Before looking at replacements I would check if they are in fact blown. Do you have a meter that measures resistance that you could measure them with?
If not you could try a 1.5 volt battery and connect it momentarily to the speaker lugs to see if it makes a noise.


----------



## bobcat16 (Jul 31, 2015)

I'm not home to check them at the moment but if they are in fact blown you're saying i more than likely would have to replace the crossover as well? How difficult is it to replace a crossover?


----------



## tonyvdb (Sep 5, 2007)

bobcat16 said:


> I'm not home to check them at the moment but if they are in fact blown you're saying i more than likely would have to replace the crossover as well? How difficult is it to replace a crossover?

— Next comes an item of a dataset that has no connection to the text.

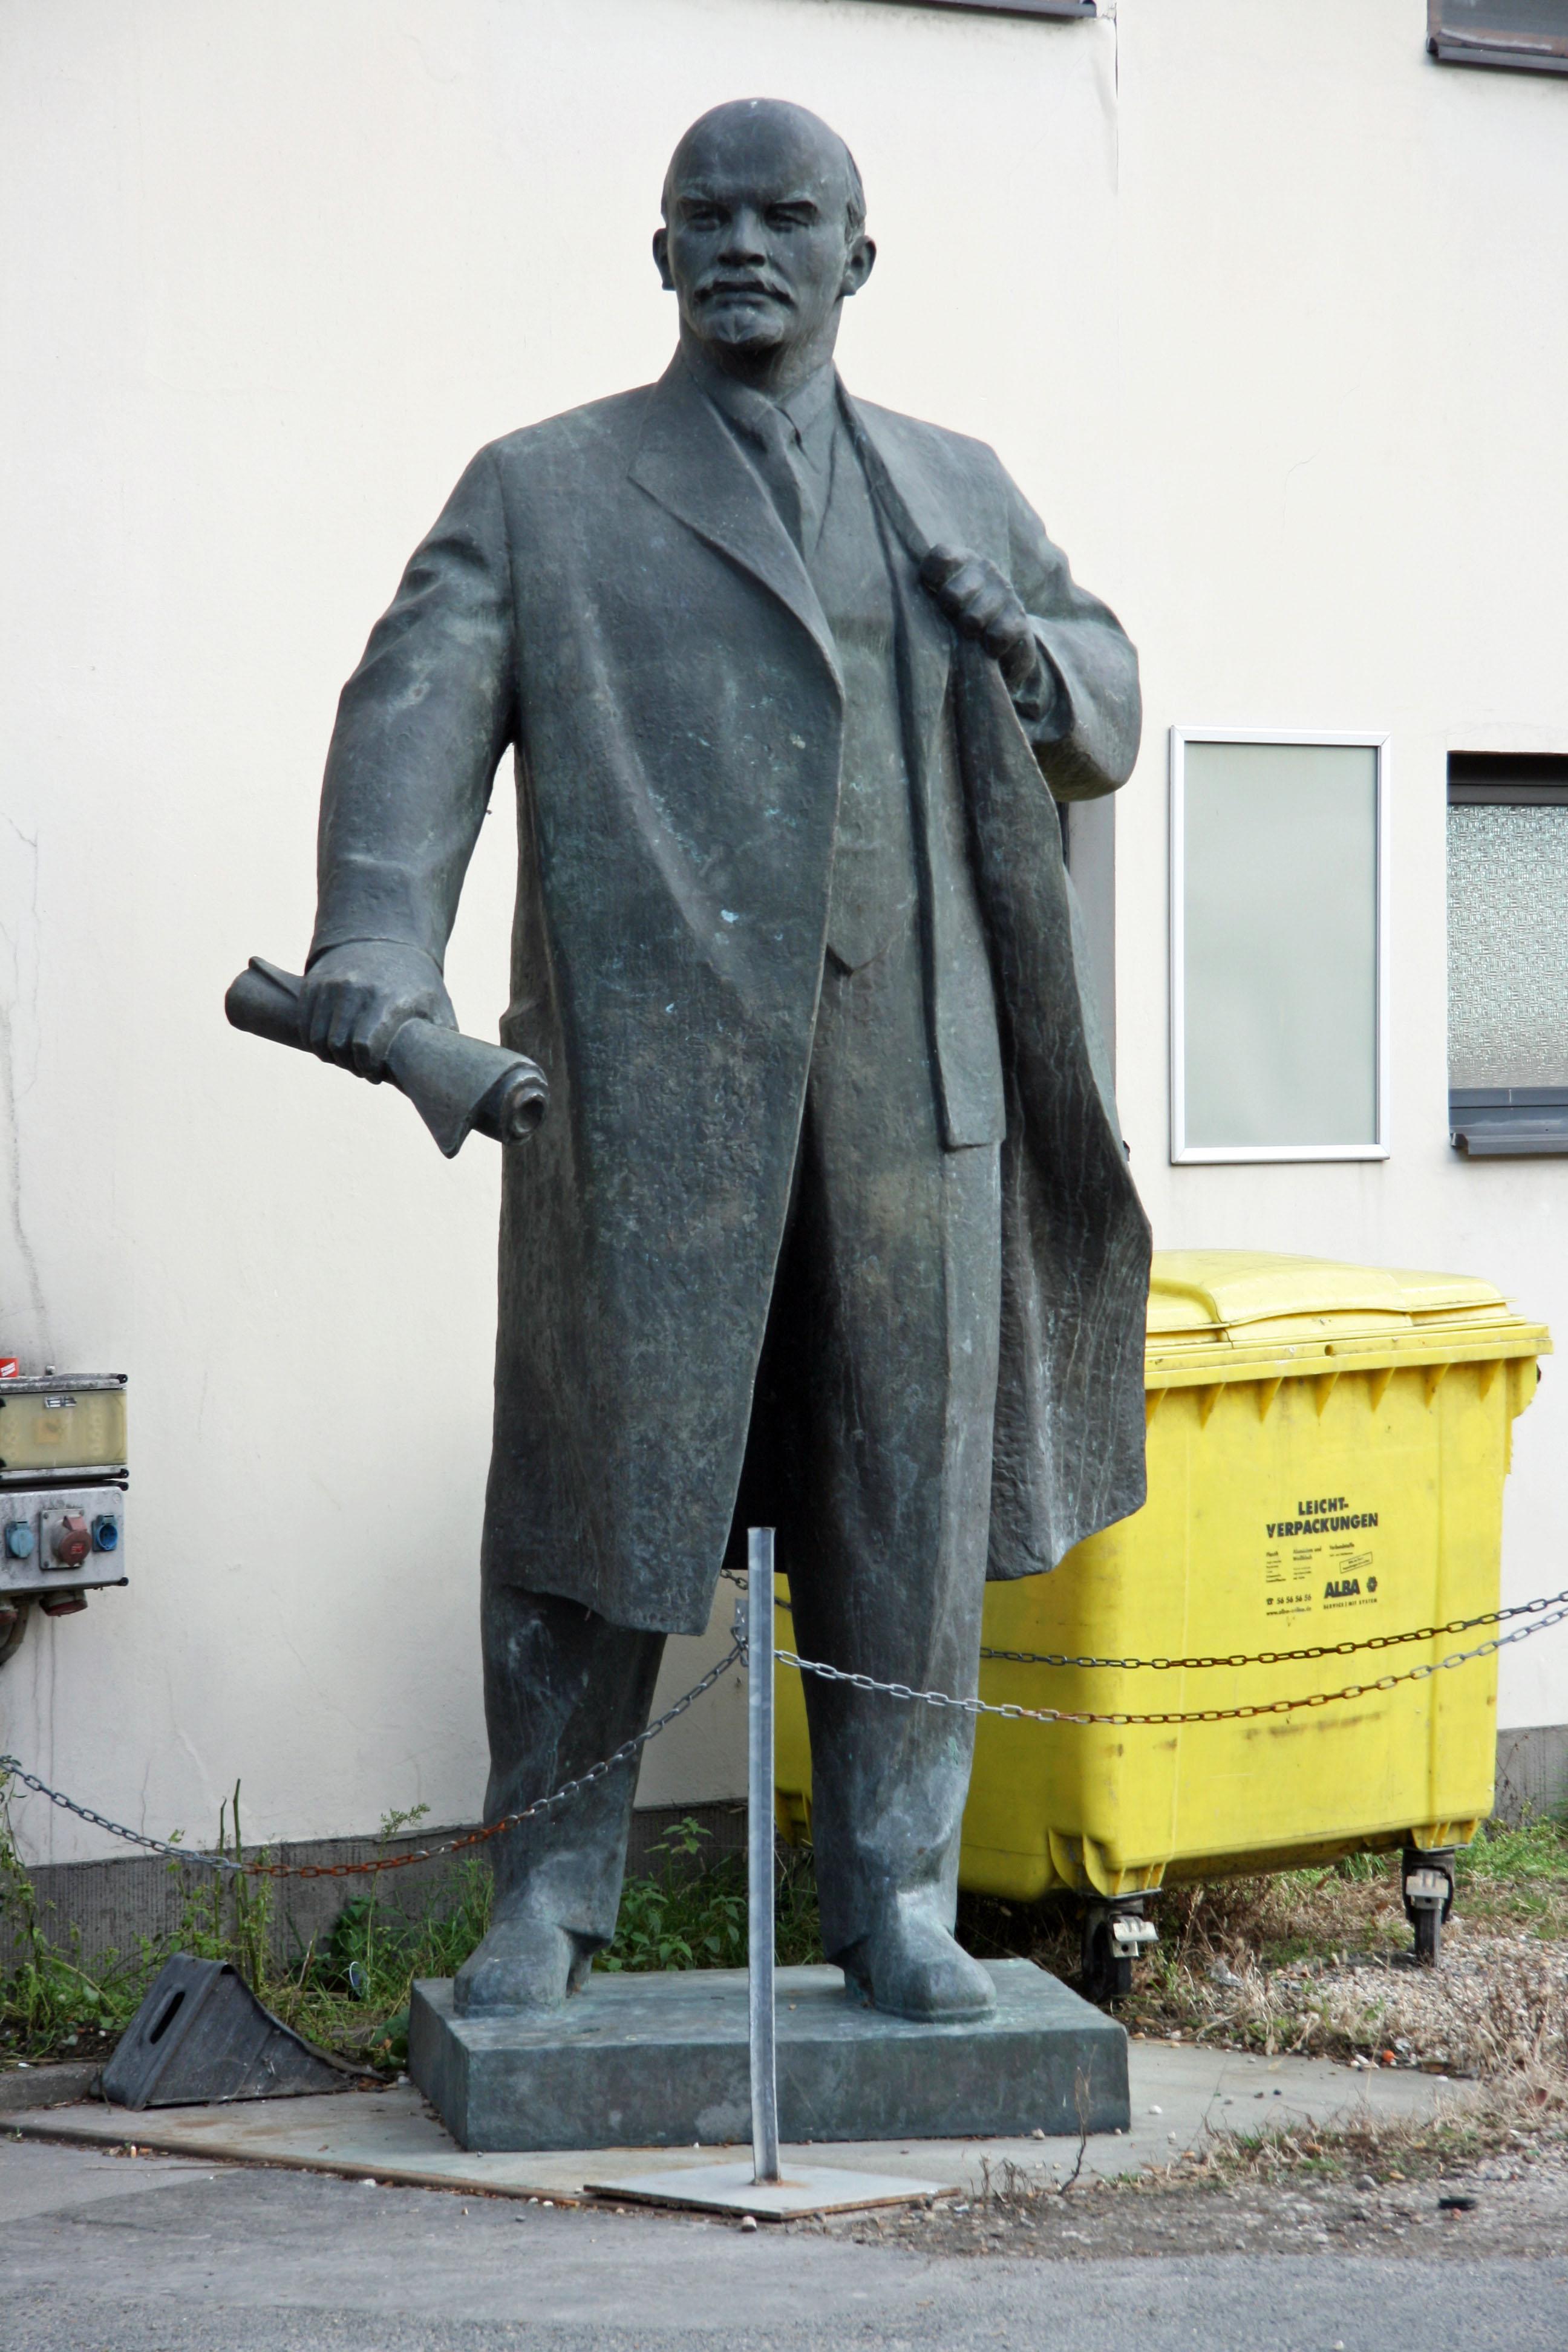 A statue of Lenin outside a building off Köpenicker Strasse in Berlin

In an old speaker like that it would take some electronics skills as you would have to rebuild it yourself or get one that is already made but that would mean that you would have to also find the correct speakers that would work with that crossover. 
Personally your not going to save any money going this route. I would just buy some new speakers.


----------



## bobcat16 (Jul 31, 2015)

Could I just find drivers that will work with the crossover and rig the housing to work with whatever size they turn out to be?


----------



## tonyvdb (Sep 5, 2007)

Yes and no, the crossovers and speaker cabinet were designed for the specific drivers that are in there now. given the age of the speakers it would be highly unlikely to find a match. Putting another brand in them would surly alter the sound and likely in an undesirable way.


----------



## bobcat16 (Jul 31, 2015)

So interestingly I just checked the drivers and they all seem to be working....Where do I look now? Bad crossover?


----------



## bobcat16 (Jul 31, 2015)

Alright I opened up the back of the speaker and I think I found the problem. The capacitor seems to have gone bad. The wire in the first picture is connected on the left terminal and just kind of hanging there disconnected from everything. I'm assuming it's supposed to be hooked into the capacitor. 

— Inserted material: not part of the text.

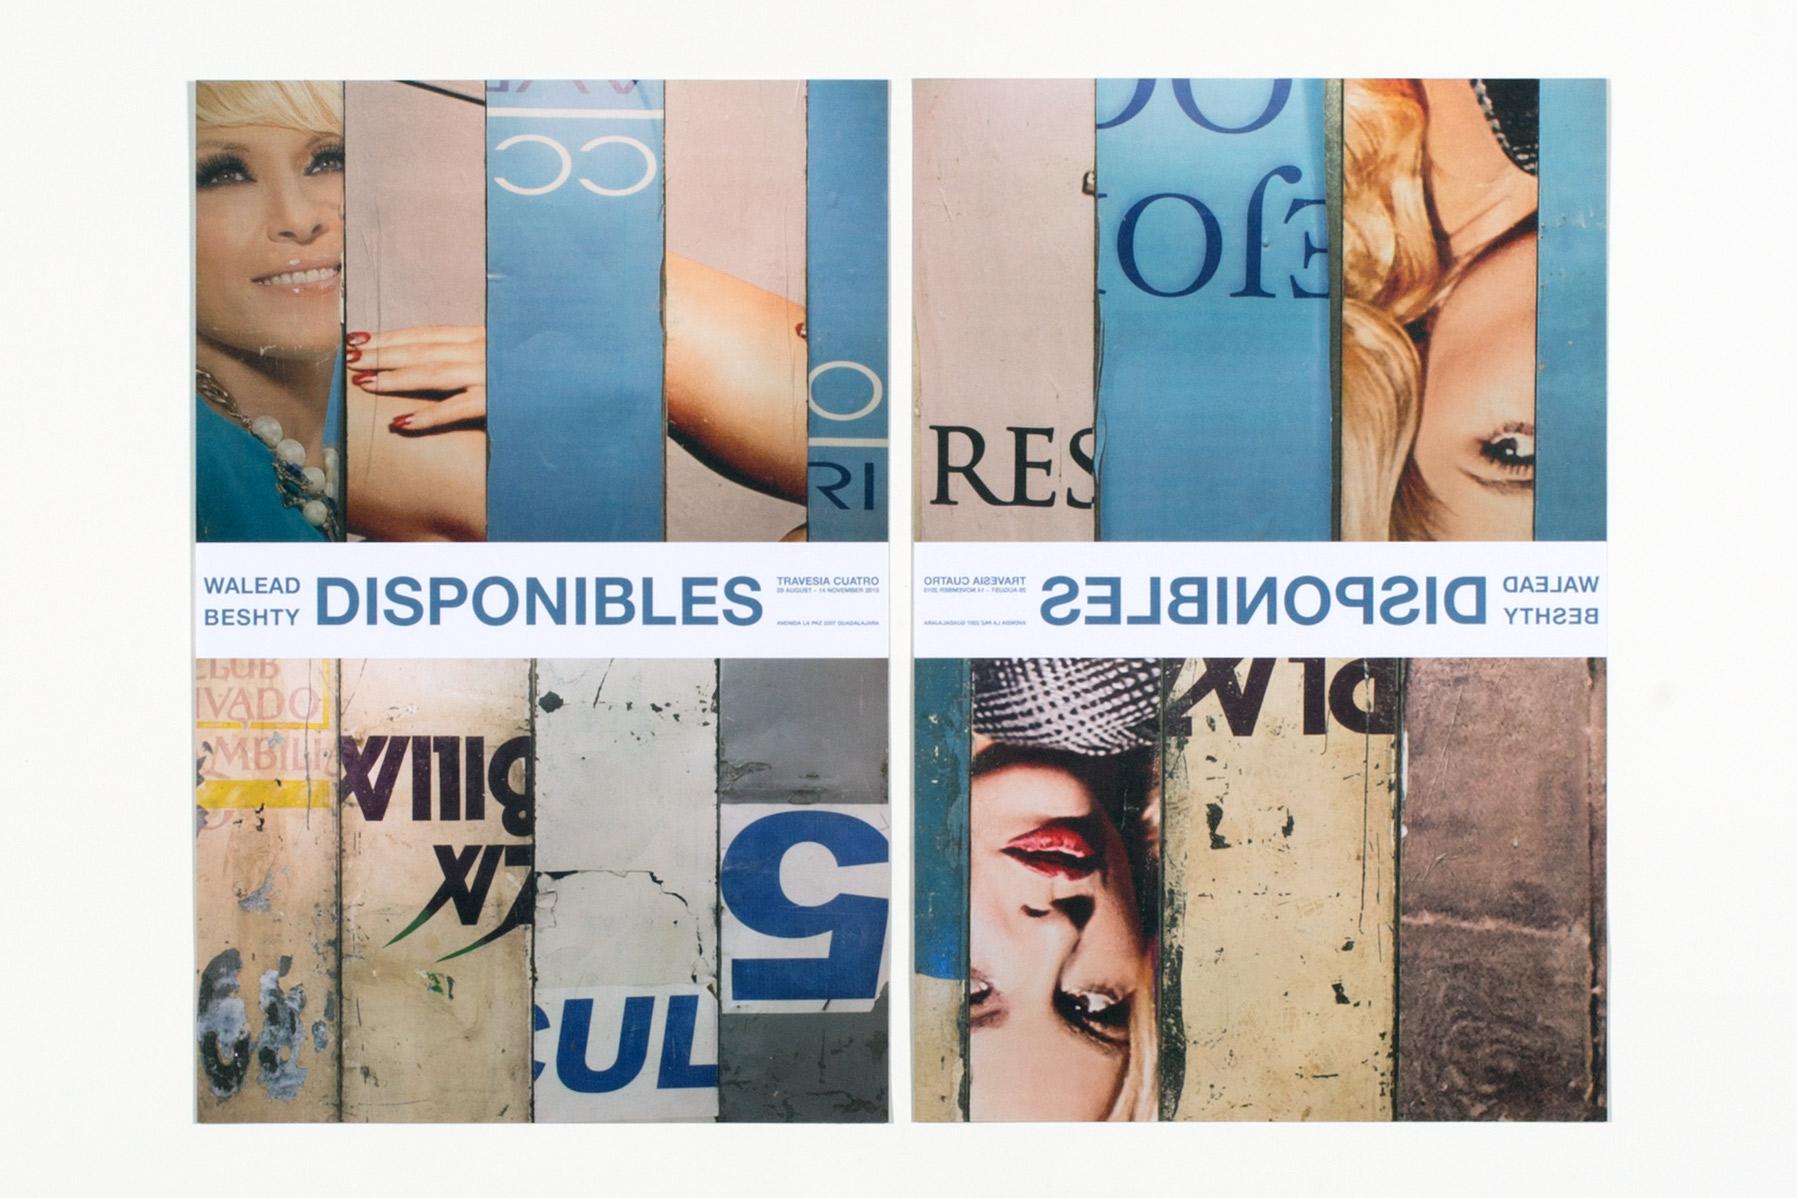 Disponibles poster   Travesía Cuatro  Guadalajara  Mexico  2015

That is the wire that is supposed to be hooked into the tweeter and the white wire shown in picture 2 is supposed to go into the mid. Both aren't working. I can't see any other capacitors that look like they have gone bad so can the one that went bad prevent both the mid and tweeter from working? 

Also there's an extra set of blue wires and I'm not sure what those are for.


----------



## bobcat16 (Jul 31, 2015)

Cross referenced with the other speaker that just recently quite working. The blue wires run to the tweeters. I'm assuming that the above setup was done as a workaround because something went wrong that couldn't be replaced and probably just happened in the second speaker. I'll probably have someone look at who knows what they're doing and go from there.


----------



## robbo266317 (Sep 22, 2008)

I'm glad you found the issue with it. It's hard to suggest anything without being there to see what they had tried to do. 

Good luck.


----------